Machine Gun Kelly’s diss track marked the first, live Eminem beef of the modern streaming era, with the two rappers’ careers hanging in the balance

Hailie Jade Mathers is better protected than the president, goes one joke. Say her name three times, and Eminem will appear, goes another.

Namedropping Eminem’s daughter in unsavory ways is a rite of passage for any rapper looking to get under his skin — infamous examples include Everlast and Ja Rule in the early 2000s. In each case, Eminem fired back with a spate of diss tracks that scorched his rival and everyone in their circle, thereby solidifying his reputation as a battle rapper not to be trifled with.

And so it was with Machine Gun Kelly, who made the unfortunate mistake of tweeting about then-16-year-old Hailie’s looks in 2012. The incident kicked off tensions between the two that largely played out behind the scenes, until Eminem finally unleashed a full-blown tirade against the Cleveland rapper on the surprise 2018 album, “Kamikaze.”

The album made waves for firing scattershots at music critics, former president Donald Trump, mumble rap at large and at least 10 rappers by name — notably, Machine Gun Kelly, Ja Rule and Tyler, The Creator.
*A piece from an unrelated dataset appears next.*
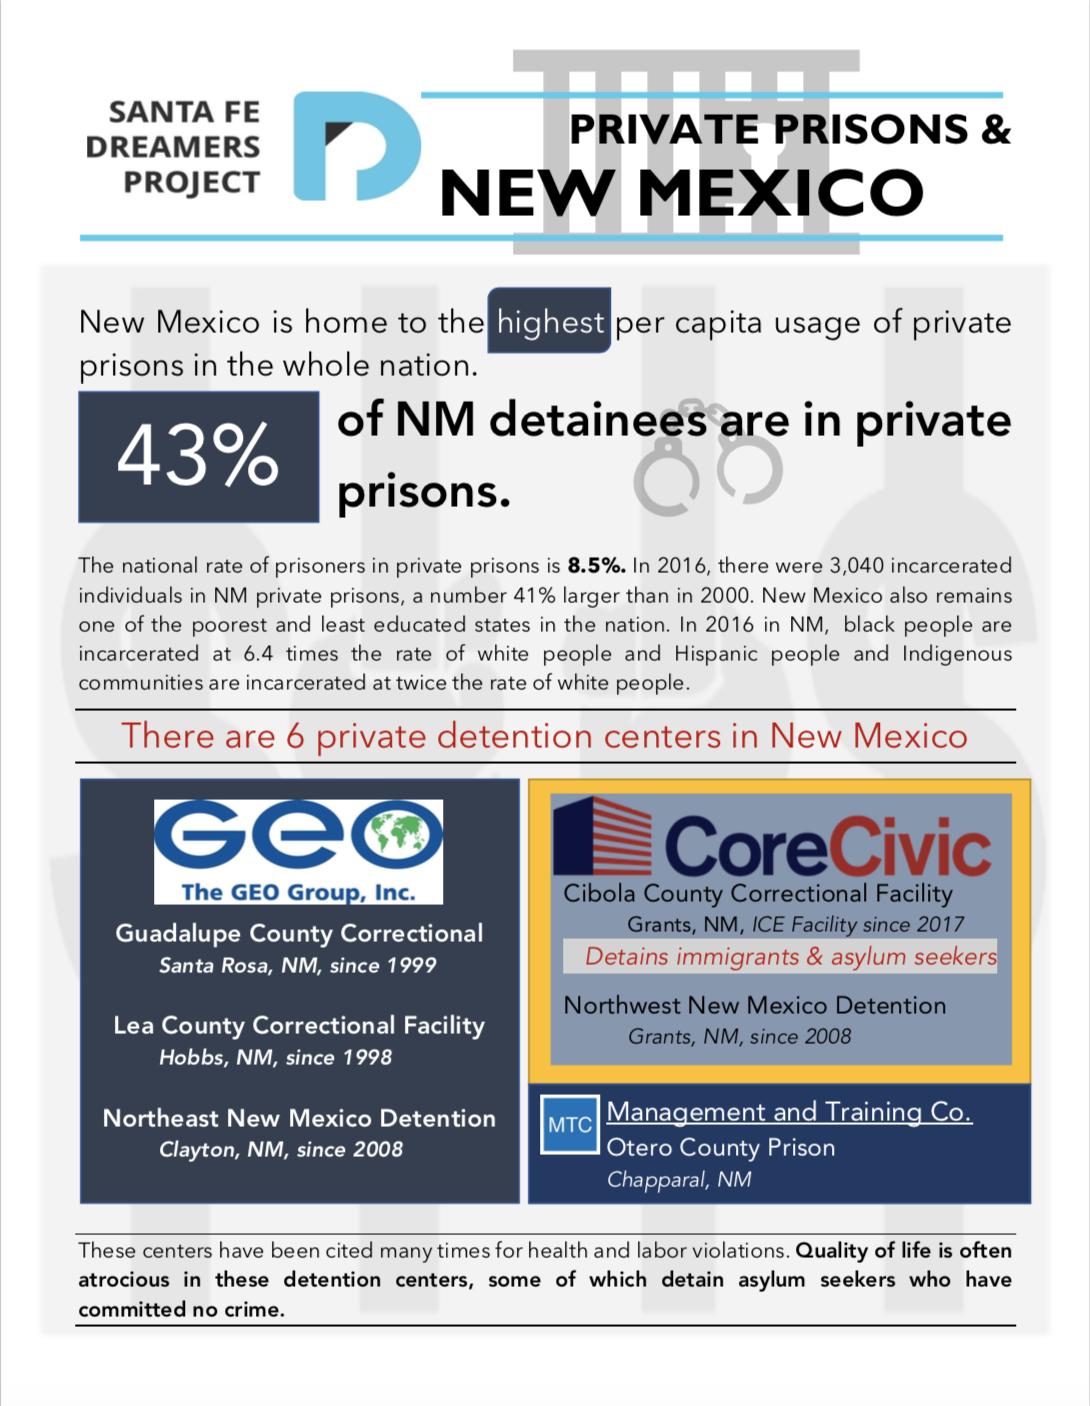 Private Prisons in New Mexico

But more than anyone else, all eyes were on MGK, who suddenly held the double-edged sword he had long sought — a highly publicized, deeply personal feud with one of hip-hop’s greats. 

Sure enough, MGK went all in on a spirited, five-minute diss track titled “Rap Devil,” decisively crossing the Rubicon. In the weeks between MGK’s track and Eminem’s anticipated response, tens of millions of hip-hop listeners tuned in to witness the first, real-time Eminem beef of the modern streaming era, with two rappers’ careers hanging in the balance.

The name “Rap Devil” is itself a play on Eminem’s hit “Rap God,” effectively positioning MGK as a protege aiming to dislodge his former idol. In fact, the track is rife with references to Eminem’s lengthy discography, knocking the rapper for “stan[ning] himself” and urging him to “go back to Recovery” — tapping into a growing perception of Eminem as an antique within contemporary rap. 

Throughout the track, MGK leans heavy into low-hanging fruit, dedicating significant portions to painting Eminem as a bitter geezer unable to recapture his glory days. The taunts vary between zingers — e.g. “Knees weak of old age, The Real Slim Shady can't stand up” — or duds, such as the lines mocking Em’s dated fashion sense. But they scarcely present a new or interesting thought about Eminem, instead recycling social media chatter that was already in vogue.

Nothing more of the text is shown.